Perhaps you are familiar with the bubbles in beer. Carbon dioxide is a natural byproduct from the fermentation of any feedstock into ethanol, whether it is hops, barley, grapes, or malt. When corn is fermented into ethanol at large scale, carbon dioxide can be captured at large scale as well. This process is relatively cheap and easy relative to other CO2 abatement processes, because the CO2 is quite concentrated. As a result, many ethanol production plants already capture CO2, selling the material into the carbonation market, and into enhanced oil recovery, or storing it.

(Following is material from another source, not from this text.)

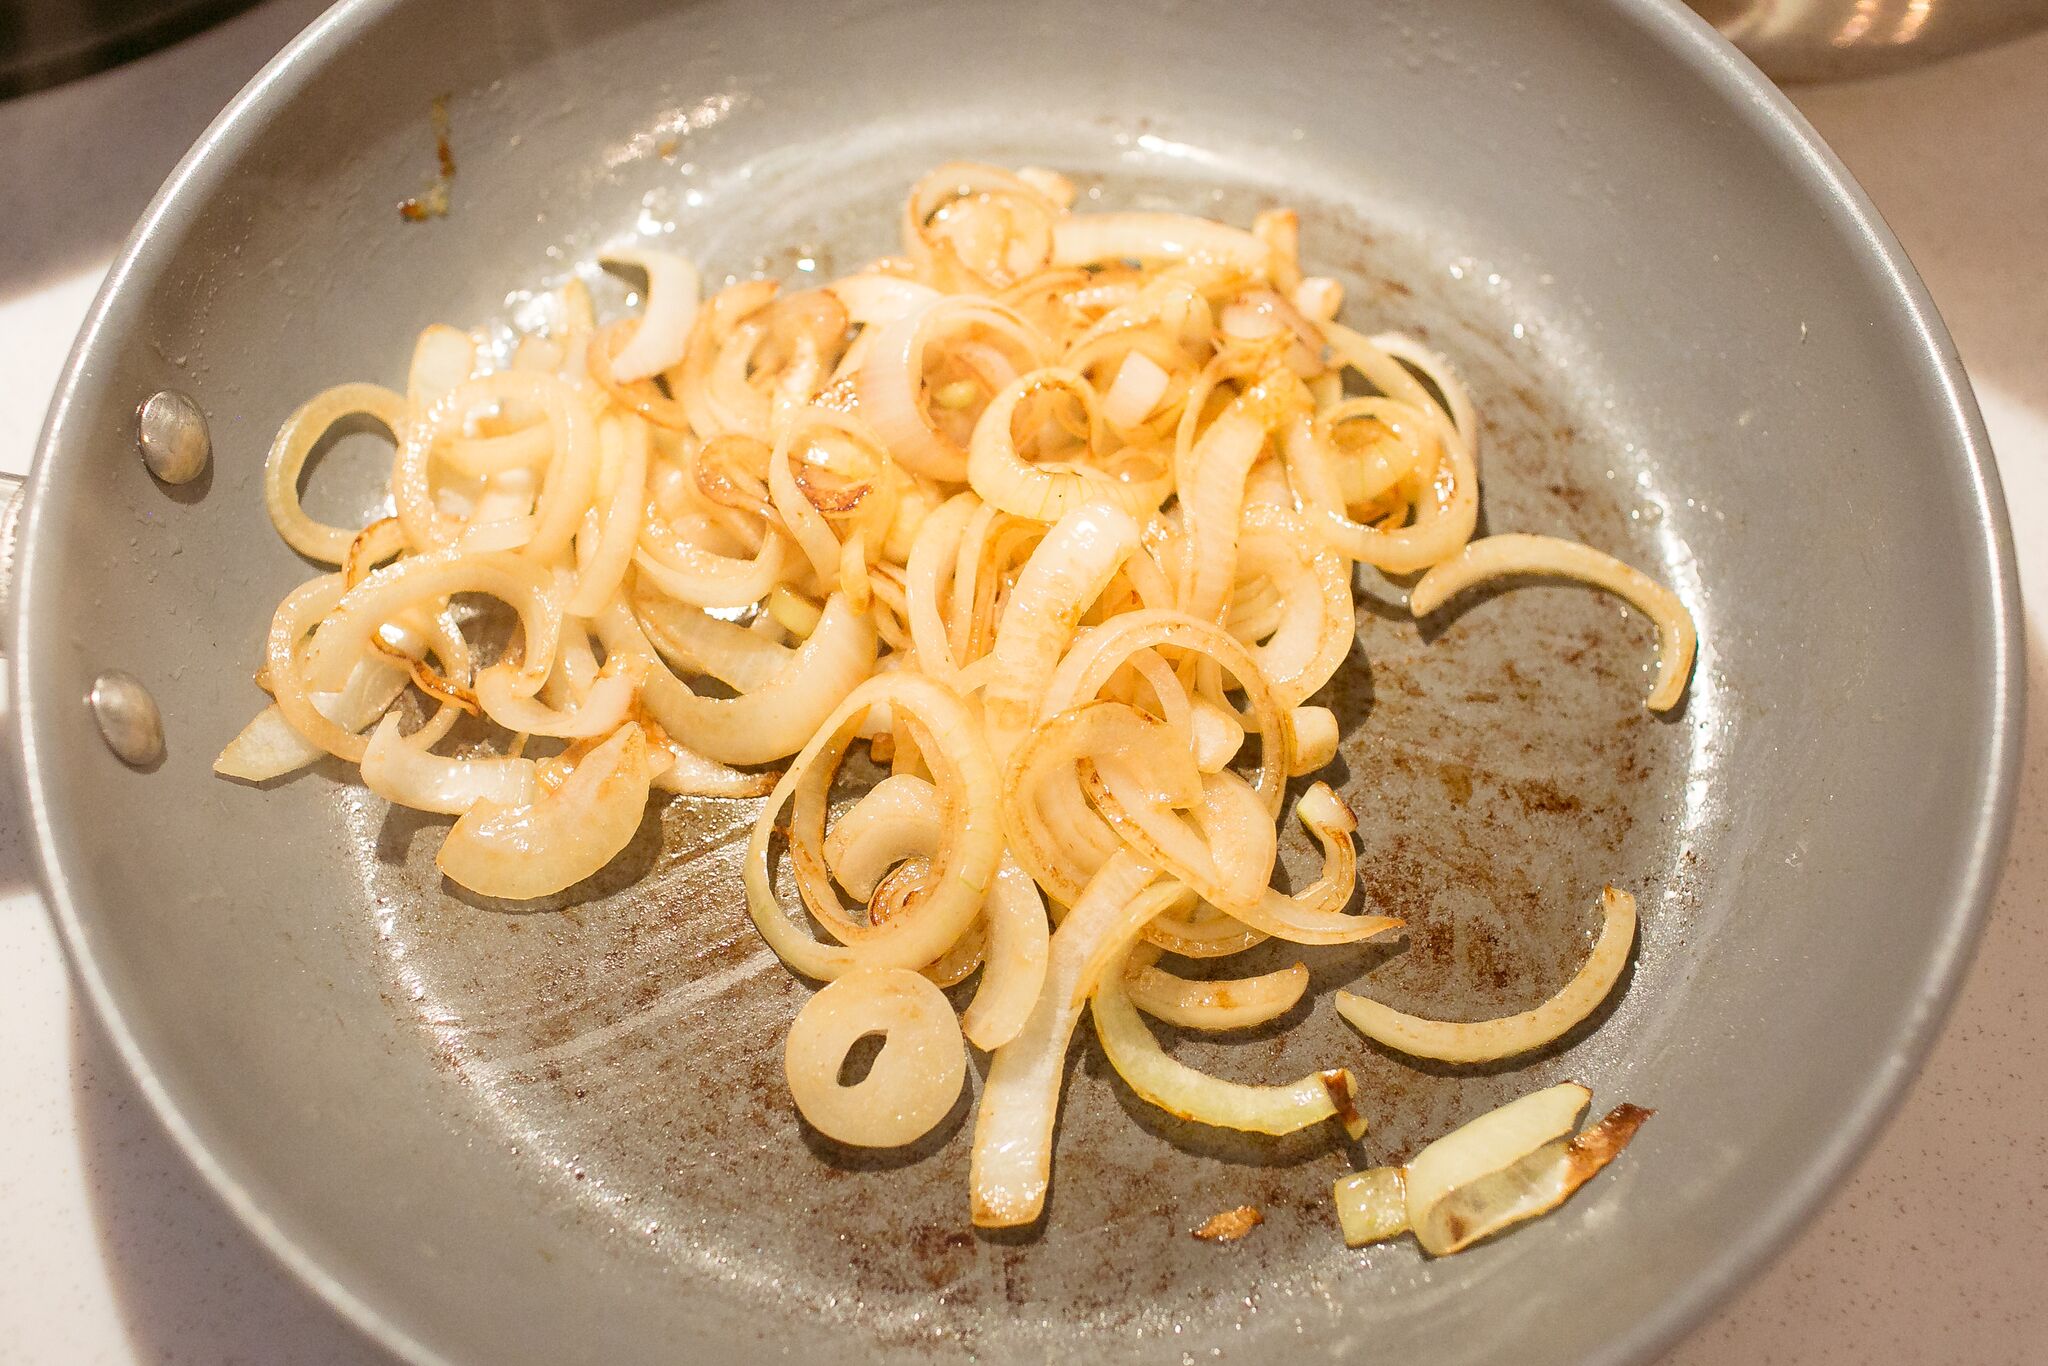 Cut onions and cook in oil until caramelized

As an example, Archer Daniels Midland (ADM) built a large project in Decatur, Illinois, which successfully captured and stored 1MT of CO2 from 2011 to 2014. The project then advanced to the larger-scale Illinois Industrial Carbon Capture and Storage (IL-CCS) plant, built in 2017, which had a 1Mt/yr capturing and storing capacity. The ADM biofuel plant produced >99% pure CO2 stream as a by-product of fuel-grade ethanol production, which was used in CCS. The plant itself produced 4.5X more CO2 than the capacity of the capture plant, which was sized based on the market for CO2 more than as a demonstration of full abatement.

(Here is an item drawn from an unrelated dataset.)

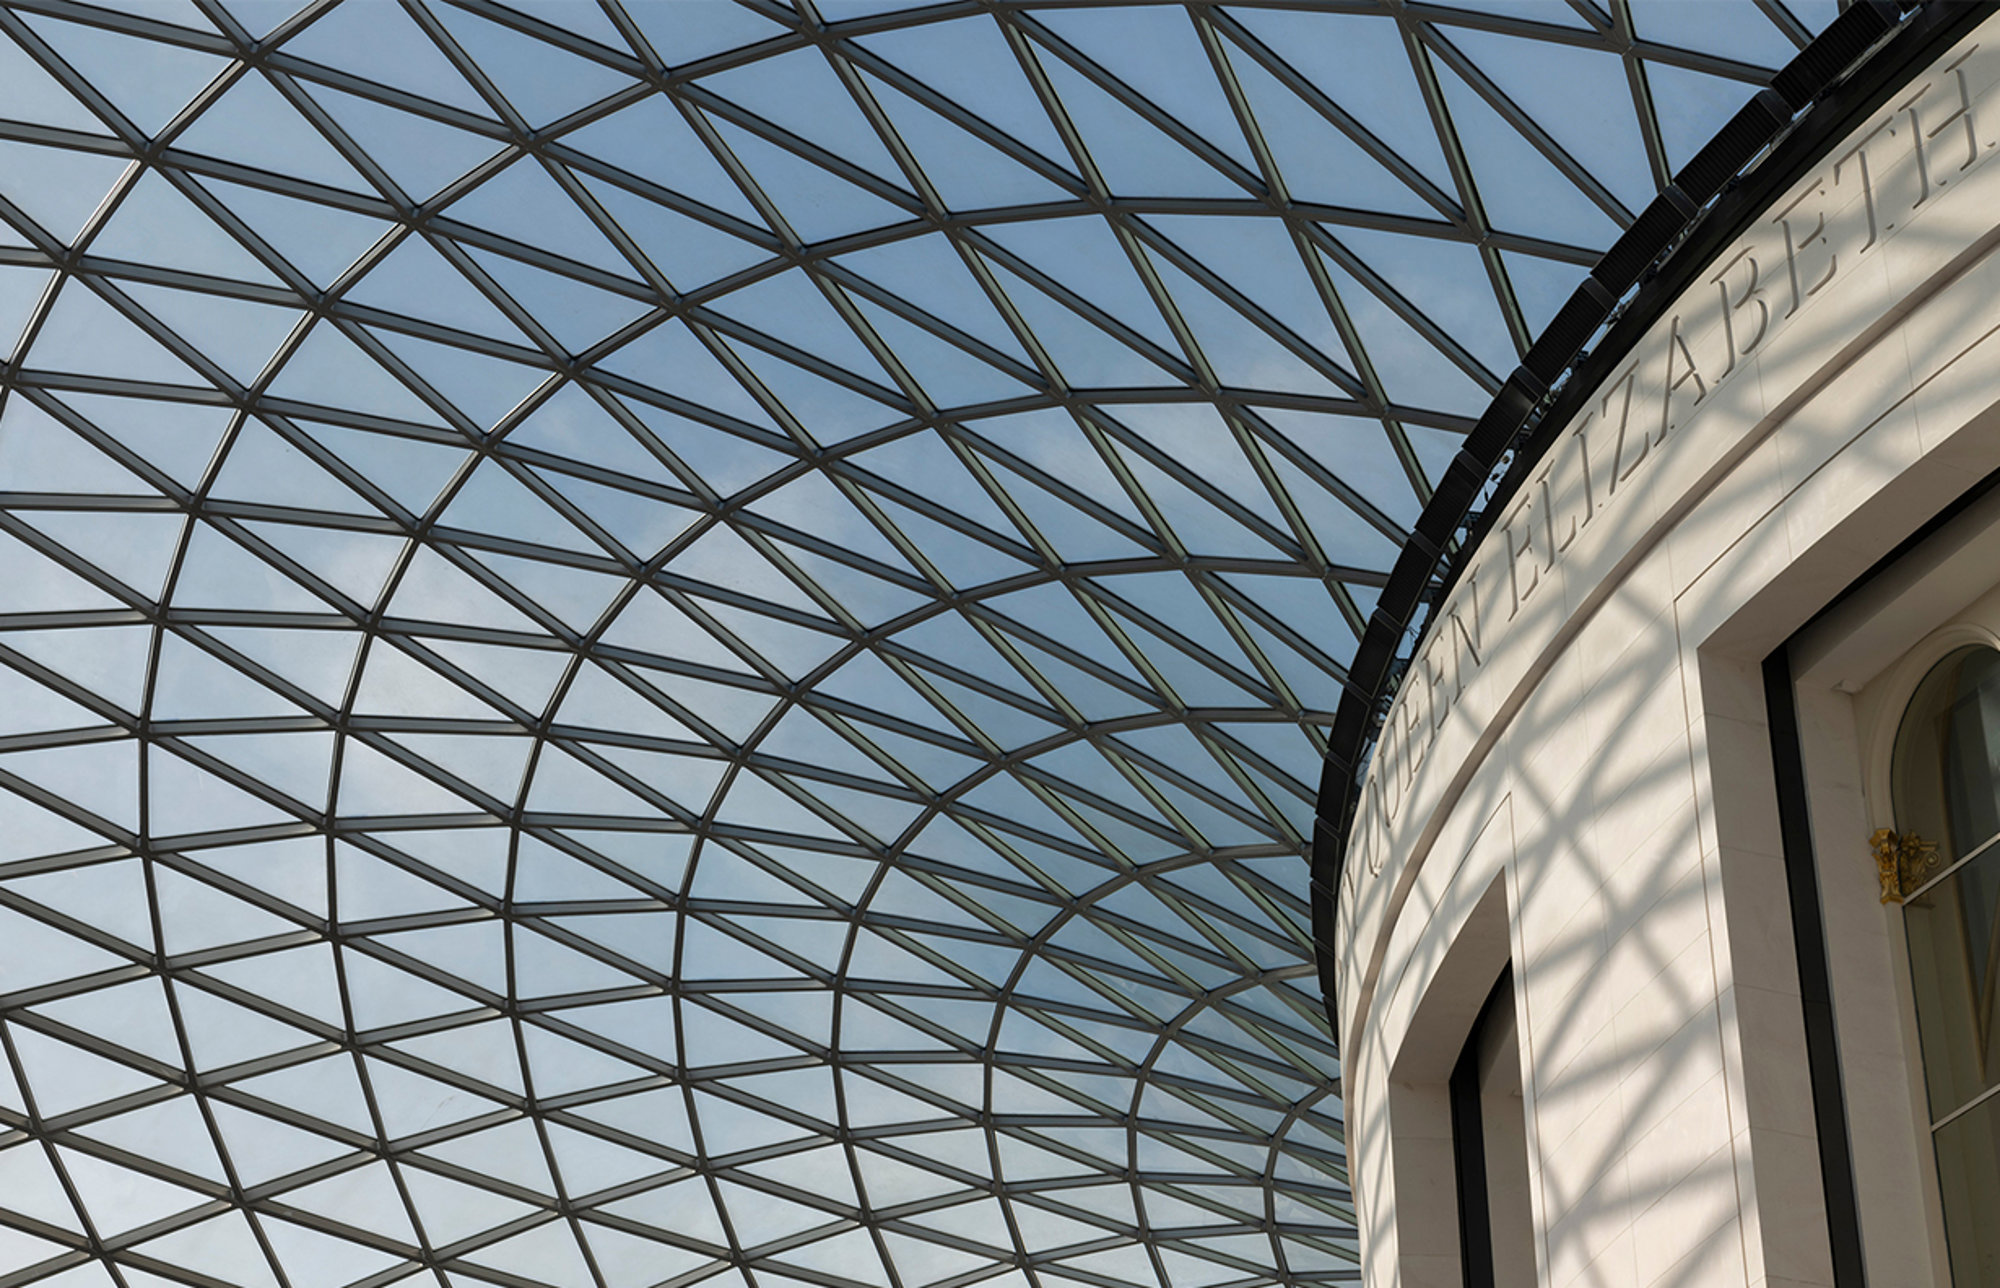 The Great Court at the British Museum turns 20

The project cost $208 million, of which $141.4 million came via the US DOE’s CCS grants, and was 68% government-funded. The CCS facility performed at about half of its designed capacity in 2020, but ADM appears to be committed to continuing it, signing a deal with Wolf Carbon to build a pipeline to a central storage location which may be used by other capture projects in the region.

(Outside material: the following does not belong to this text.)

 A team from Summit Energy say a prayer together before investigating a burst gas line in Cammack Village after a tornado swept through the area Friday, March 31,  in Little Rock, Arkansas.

If we assume the plant can operate at its original designed capacity, then the capex of about $200/ton/yr, then at a working average cost of capital of 10%, the cost of the capex will be just $20/ton amortized over 30 years. Capture costs of $30/ton thus seem achievable, with additional costs for injection. At these rates, the tax credits in the Inflation Reduction Act are large enough to pay off projects in just the 12 years during which tax credits are currently offered.
The main risk for building carbon capture for ethanol plants is not the economics of operation, but whether demand for ethanol will continue to remain high in the future. Given the US political scene, that appears to be a decent bet. These carbon capture facilities, and the regional sequestration hubs that support them, are in good technical and economic shape.